Start the Home Assistant
Platform support
The Home Assistant app has been tested on the following platforms:
- Windows 11 (x64, latest updates)
- macOS Ventura (Apple Silicon, latest updates)
- Ubuntu 20.04 (latest updates)
Clone the repository
Install Git from https://git-scm.com/downloads.
Clone the repository:
git clone https://github.com/gloveboxes/OpenAI-Whisper-Transcriber-Sample
Environment file
You'll find a .env
file in the client
folder of the repo you cloned. This file contains the configuration settings for the Home Assistant app.
The following keys are defined in the .env
file:
Key | Description |
---|---|
OPENAI_API_KEY | The OpenAI API key. |
WEATHER_API_KEY | The Weather API key. |
WHISPER_MODE | The Whisper speech to text transcriber mode. The default mode is local . |
WHISPER_MODEL_NAME | The Whisper speech to text transcriber model name. The default model is tiny . This is only used when the WHISPER_MODE is set to local . See Whisper models for more information. |
WHISPER_ENDPOINT | The Whisper speech to text transcriber endpoint. This is only used when the WHISPER_MODE is set to gpu . |
WHISPER_API_KEY | The Whisper speech to text transcriber API key. This is only used when the WHISPER_MODE is set to gpu . |
Cloud API Keys
The Home Assistant uses the following cloud services:
- OpenAI chat and depending on your configuration, the
Whisper
speech to text transcriber. The OpenAI API key is used to call the OpenAI Chat Completion API and extracting OpenAI Functions. - The Weather API to get weather data. This data is used to
ground
the GPT prompts the assistant generates.
Next you will need to create accounts and get API keys for the cloud services. The API keys are stored in a .env
file in the client
folder of the repo you cloned. As you create the API keys, add them to the .env
file.
OpenAI API
Create an OpenAI account and get an API key.
- Sign up for an OpenAI account.
- Create an OpenAI API key.
- Update the OPENAI_API_KEY key in the
.env
file with the API key. - Save the updated
.env
file.
Weather API
Create a Weather API account and get an API key.
- Sign up for a Weather API account.
- Create a free Weather API key.
- Update the WEATHER_API_KEY key in the
.env
file with the API key. - Save the updated
.env
file.
Install prerequisites
- Install Python version 3.8 ~ 3.10. The Whisper library is supported on Python 3.8 to 3.10.
Install OS Dependencies
Linux
sudo apt-get install portaudio19-dev python3-pyaudio python3-tk
Install the required Python packages:
From the command line, change to the
client
folder of the repo you cloned.cd OpenAI-Whisper-Transcriber-Sample/client
Create a Python virtual environment:
Windows
python -m venv .assistant
Linux and macOS
python3 -m venv .assistant
Activate the Python virtual environment:
Windows
./.assistant/Scripts/activate
Linux and macOS
source .assistant/bin/activate
Install the required Python packages:
pip install -r requirements.txt
On Windows, by default, the
requirements.txt
file will install the CPU version of PyTorch. If you have an NVidia GPU, you can install the CUDA accelerated version of PyTorch.First uninstall the CPU version of PyTorch:
pip3 uninstall torch torchvision torchaudio
Install the CUDA accelerated version of PyTorch:
Review the PyTorch website for the latest installation instructions.
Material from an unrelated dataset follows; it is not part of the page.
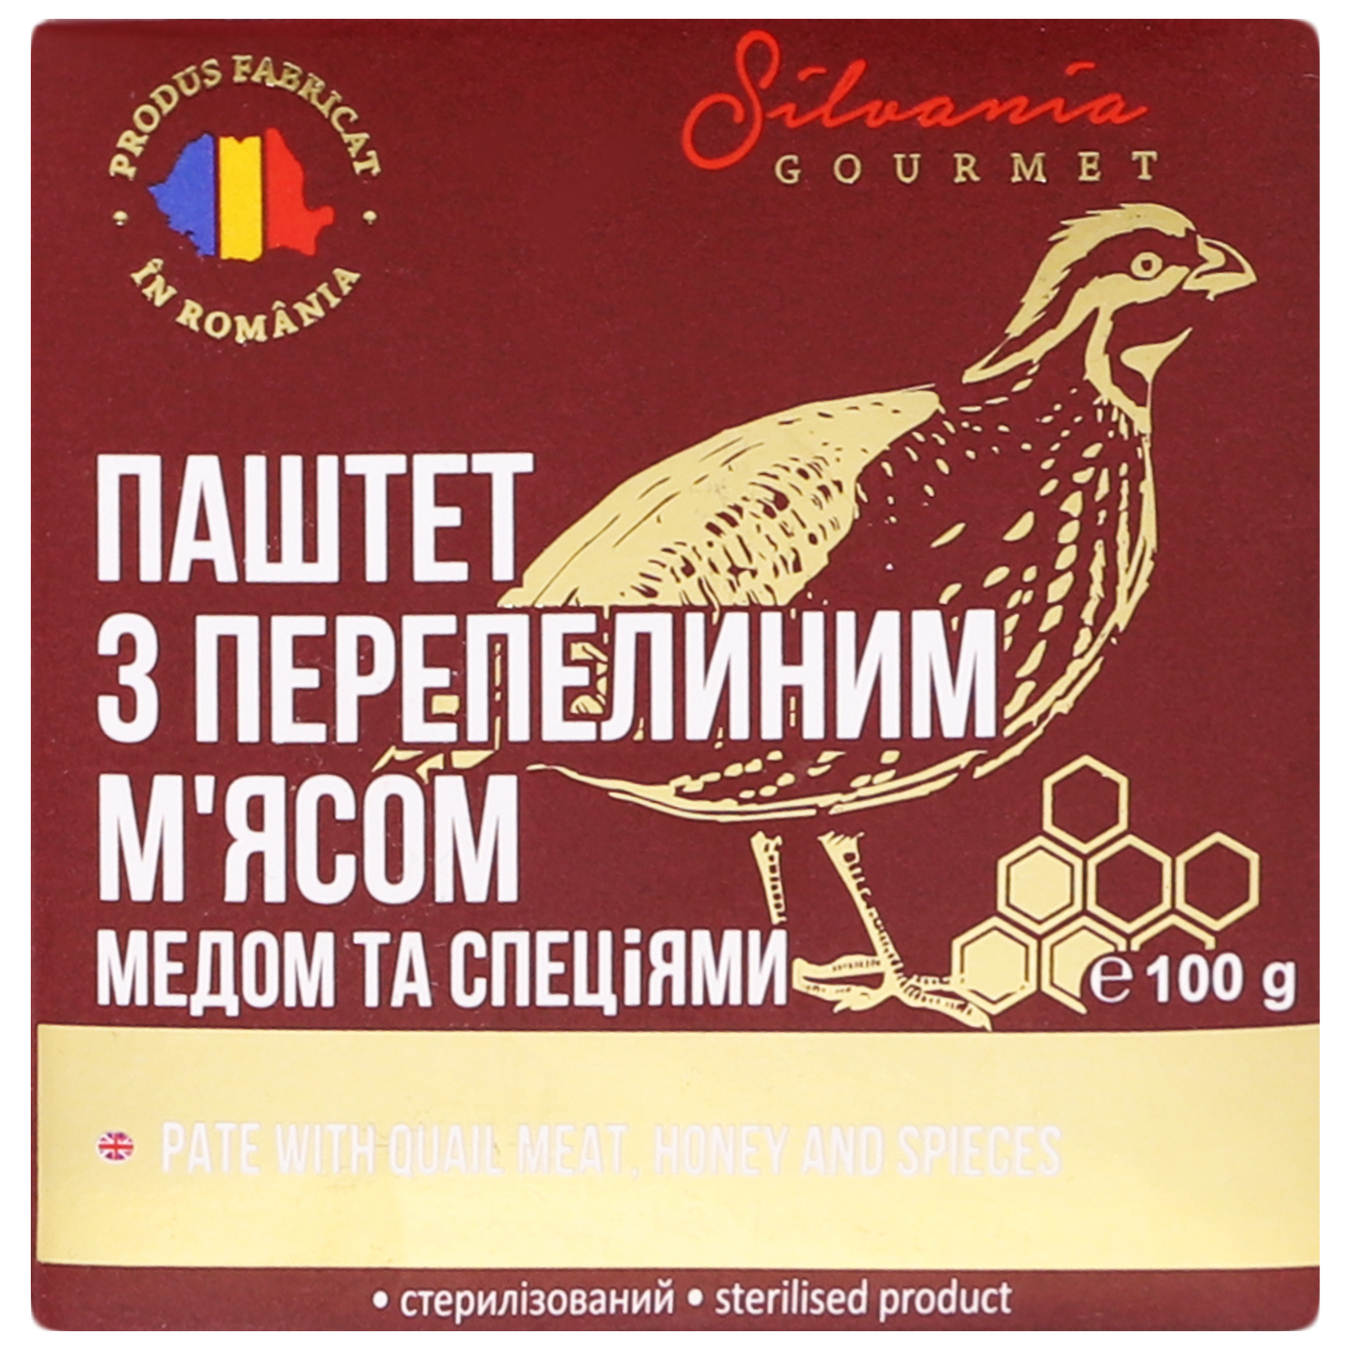 Silvania pate with quail meat, honey and spices 100g

pip3 install torch torchvision torchaudio --index-url https://download.pytorch.org/whl/cu117
Set the Text to Speech Transcriber mode
There are three modes to use Whisper speech to text transcriber. The default mode is local
. You can change the mode by updating the WHISPER_MODE
key in the .env
file.
local
: The Whisper speech to text transcription is done locally on the device. This is the default mode and free mode. The speed will depend on the hardware capabilities of your computer. The first time the Whisper speech to text transcriber is used, it will download the transcriber model from the internet. This will take a few minutes.openai
: The Whisper speech to text transcription is done using the OpenAI API Audio service which maybe a lot faster that transcribing speech on your computer. This is a paid service, review OpenAI Audio Model Pricing for more information.gpu
: You can run a Whisper REST endpoint on your own NVidia GPU. For more information, review the Whisper REST API docs.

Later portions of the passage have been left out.